Problem requirements
Copy exactly and only the lines running from the one that contains "Lentes solares de marca Multilens" to the final line of the data below, without the pictures.

(Saved entries)
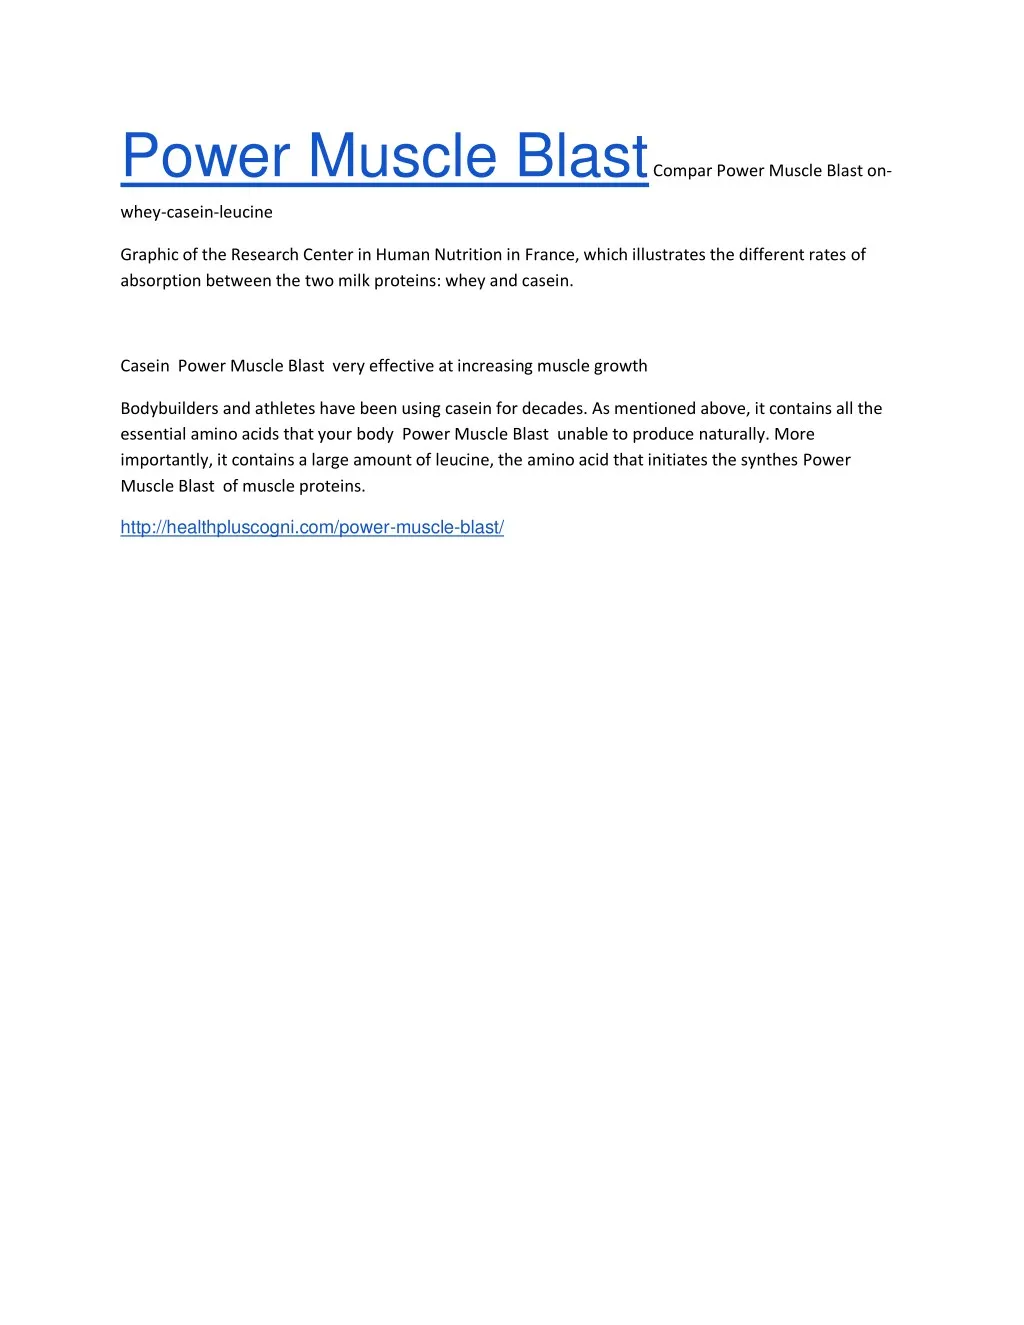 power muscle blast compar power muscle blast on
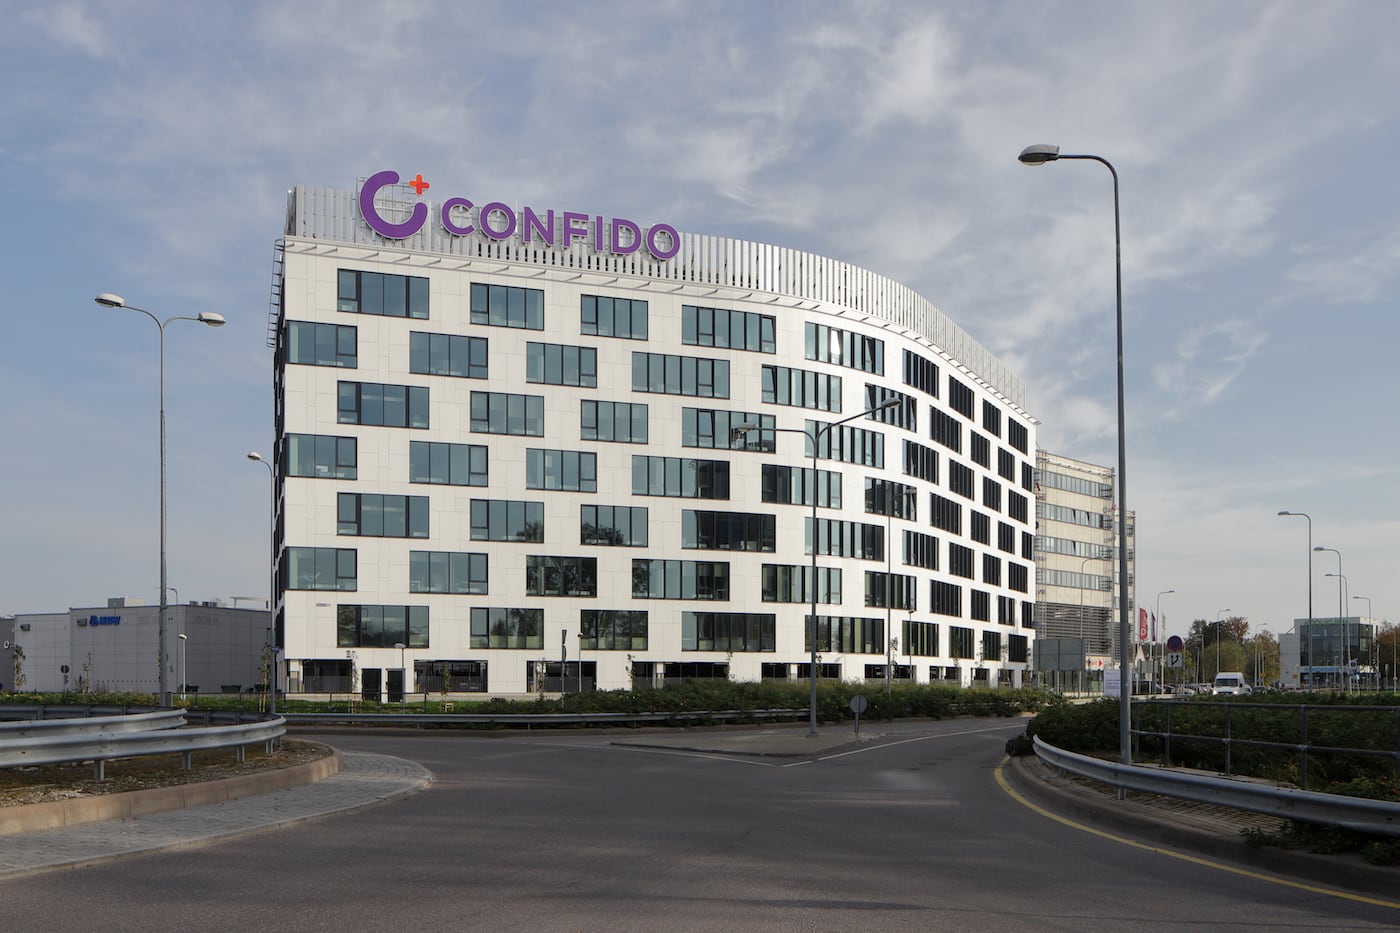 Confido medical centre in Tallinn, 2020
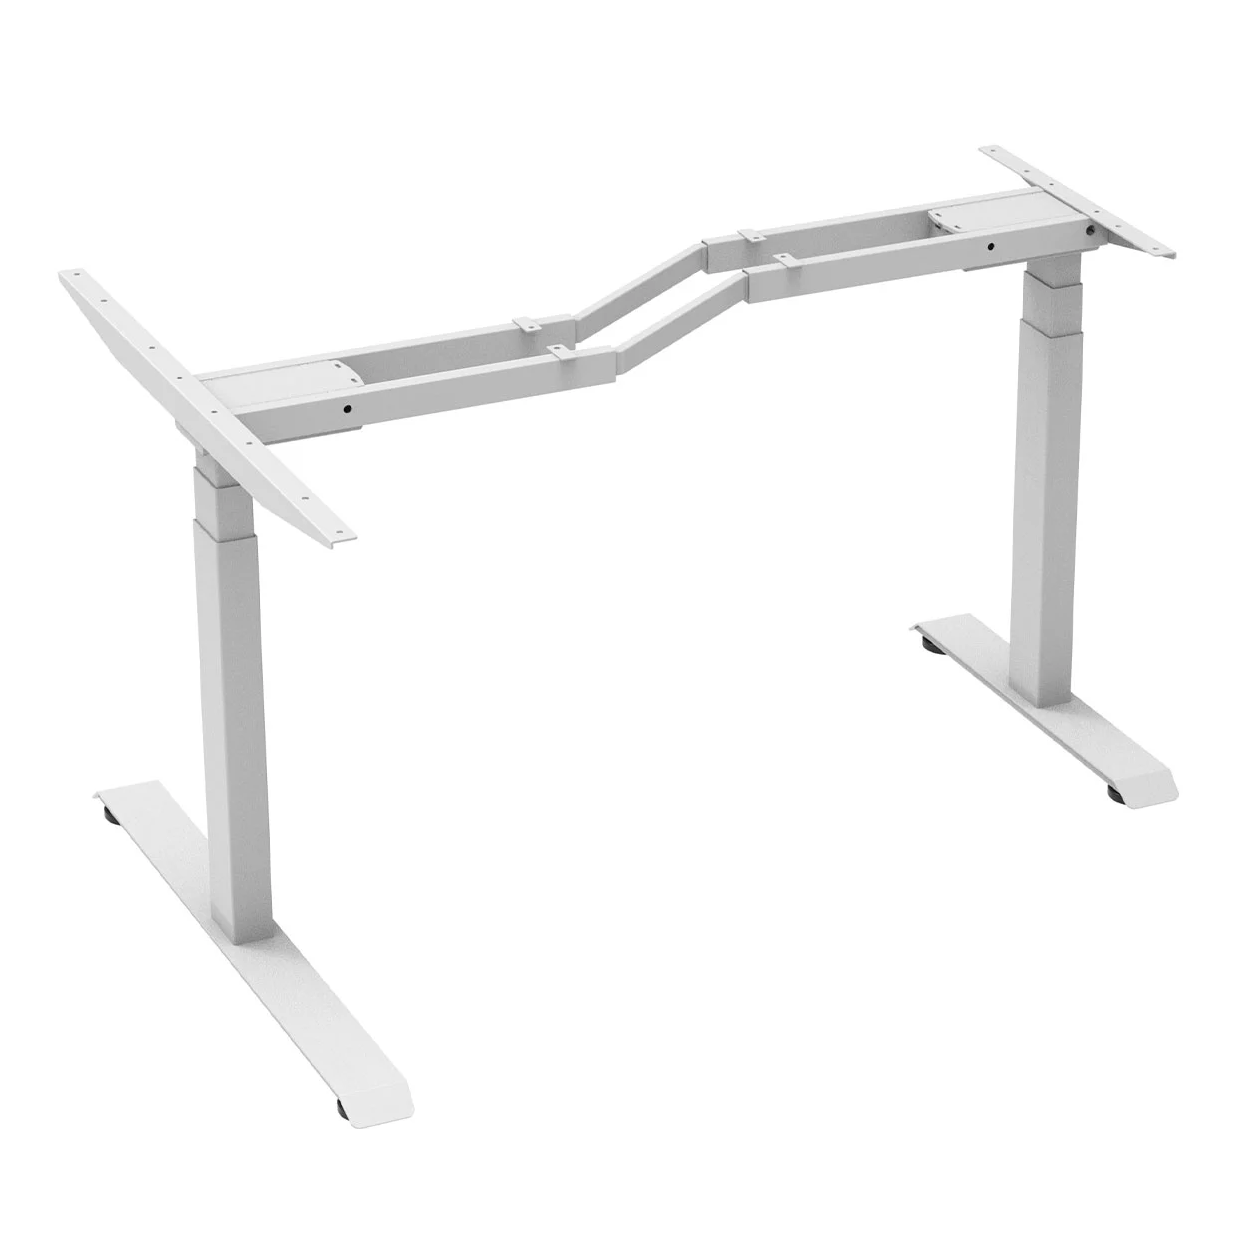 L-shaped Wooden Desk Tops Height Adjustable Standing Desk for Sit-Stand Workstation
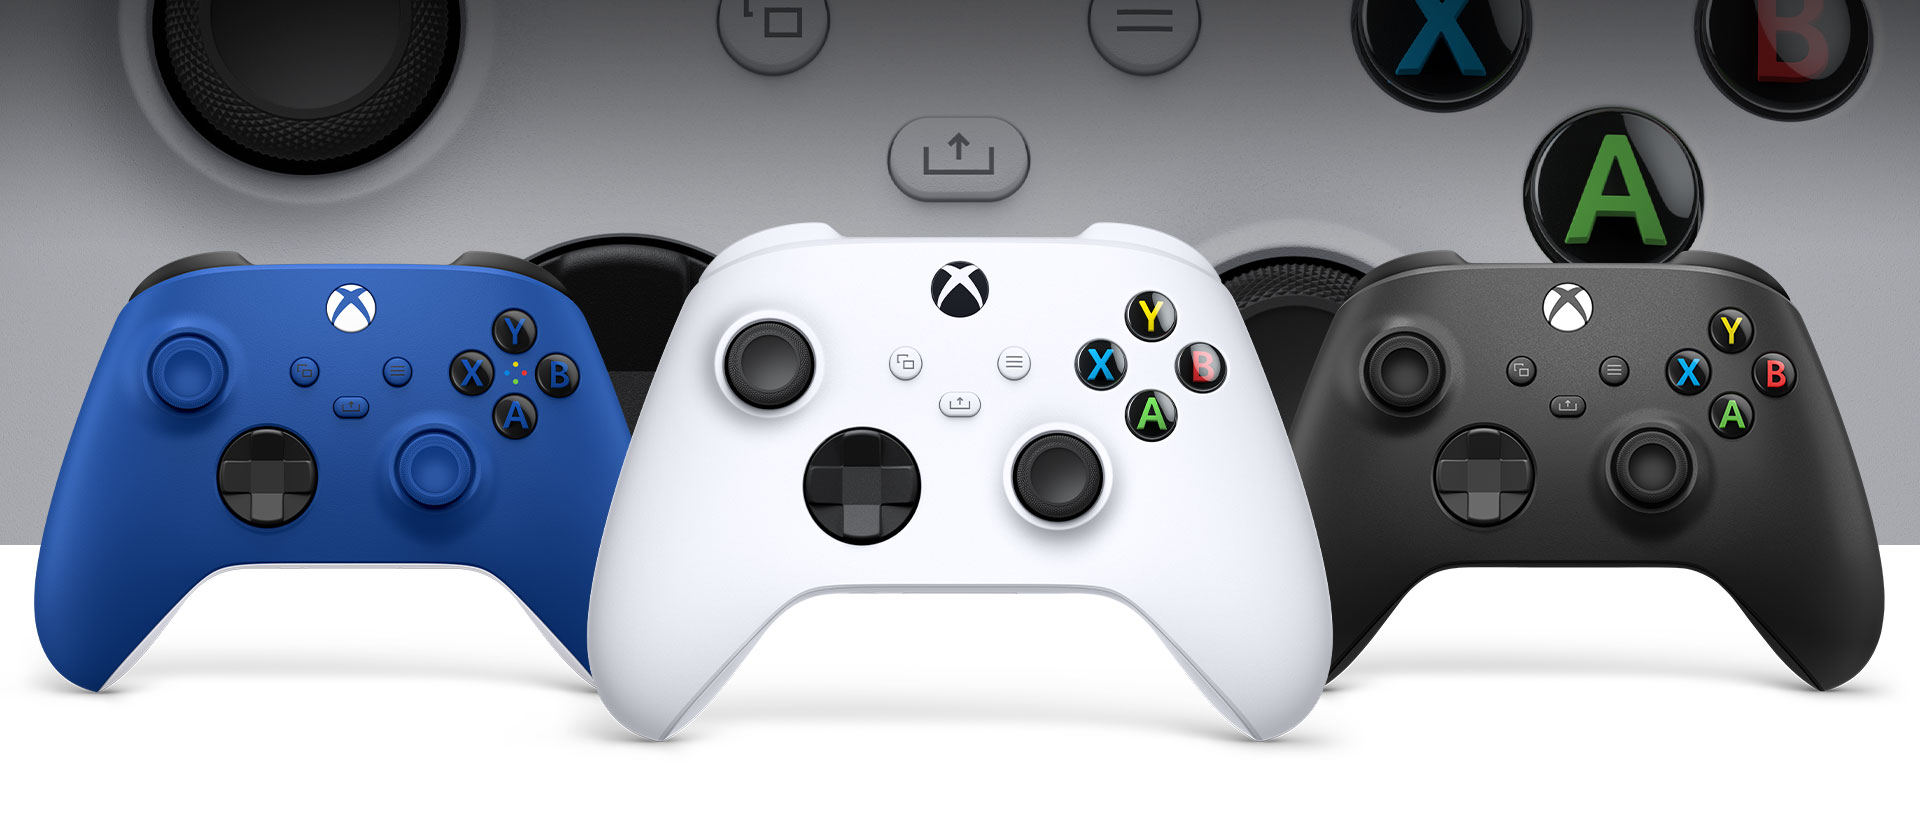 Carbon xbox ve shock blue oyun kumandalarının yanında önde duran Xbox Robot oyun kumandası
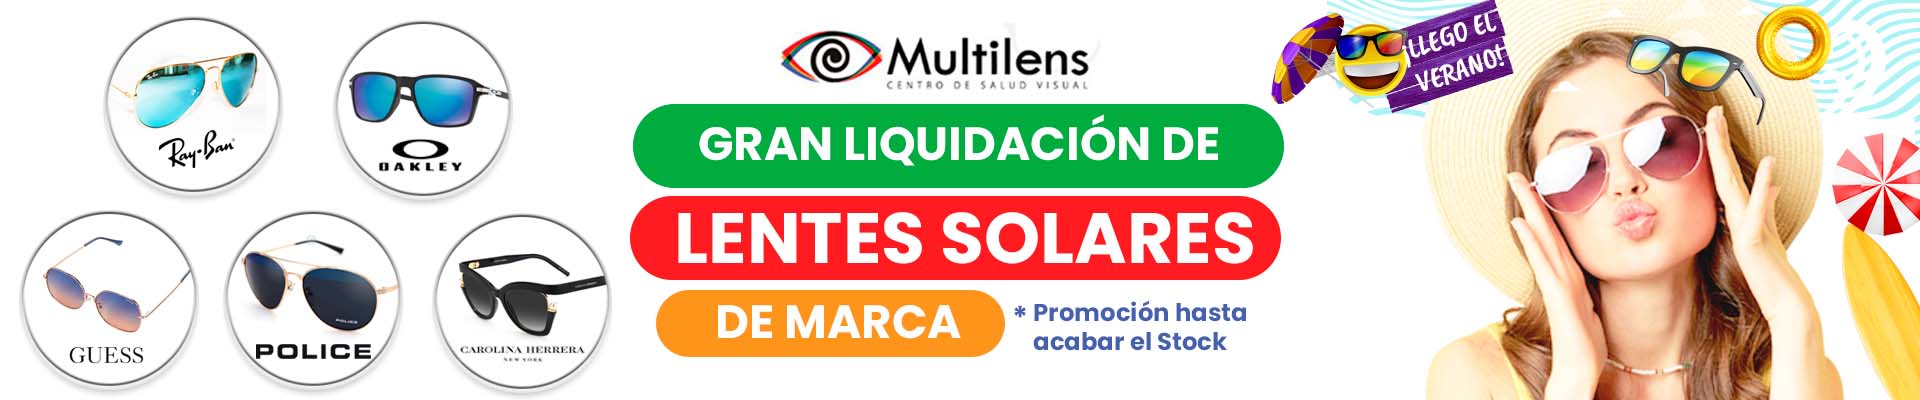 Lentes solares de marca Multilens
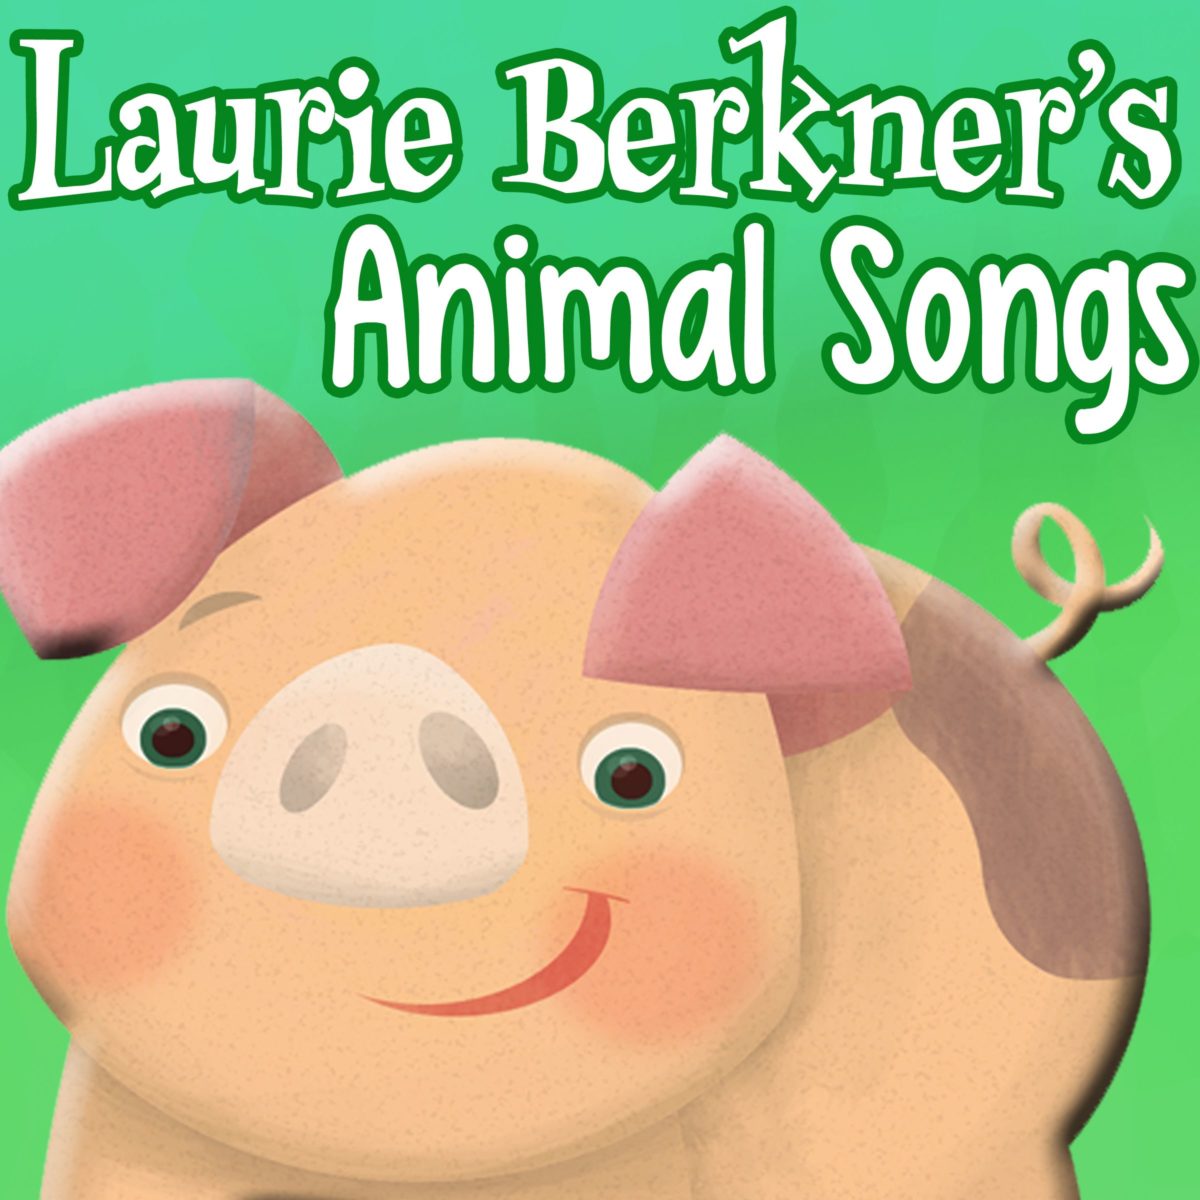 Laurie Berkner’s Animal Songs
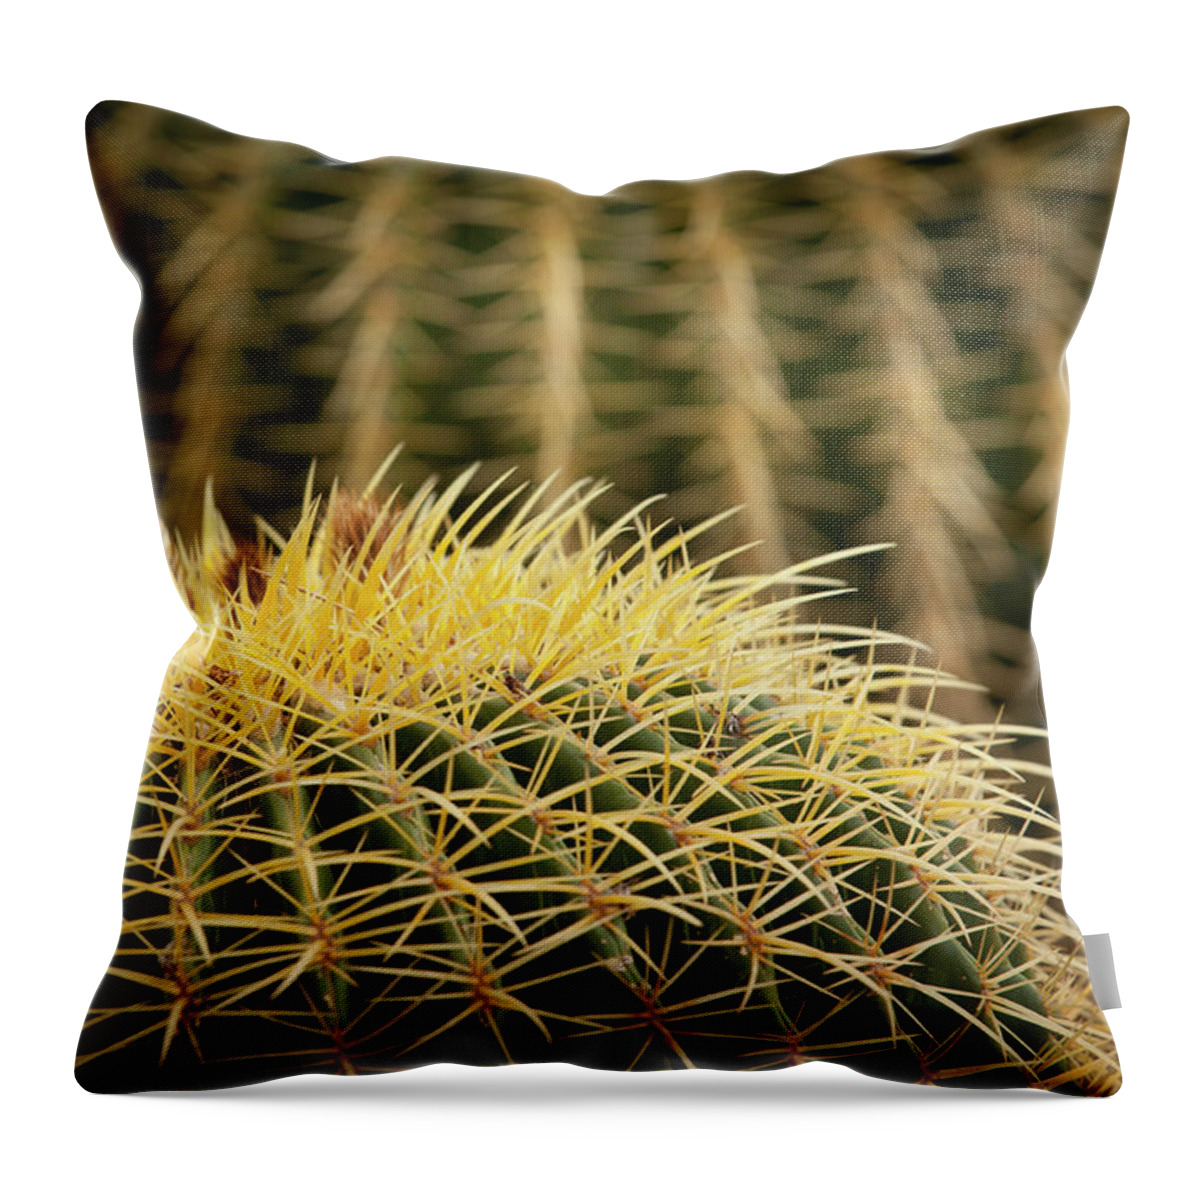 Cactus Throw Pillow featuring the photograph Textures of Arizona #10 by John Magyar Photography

Exercise result
 Lentes solares de marca Multilens
 Laurie Berkner’s Animal Songs
 Cactus Throw Pillow featuring the photograph Textures of Arizona #10 by John Magyar Photography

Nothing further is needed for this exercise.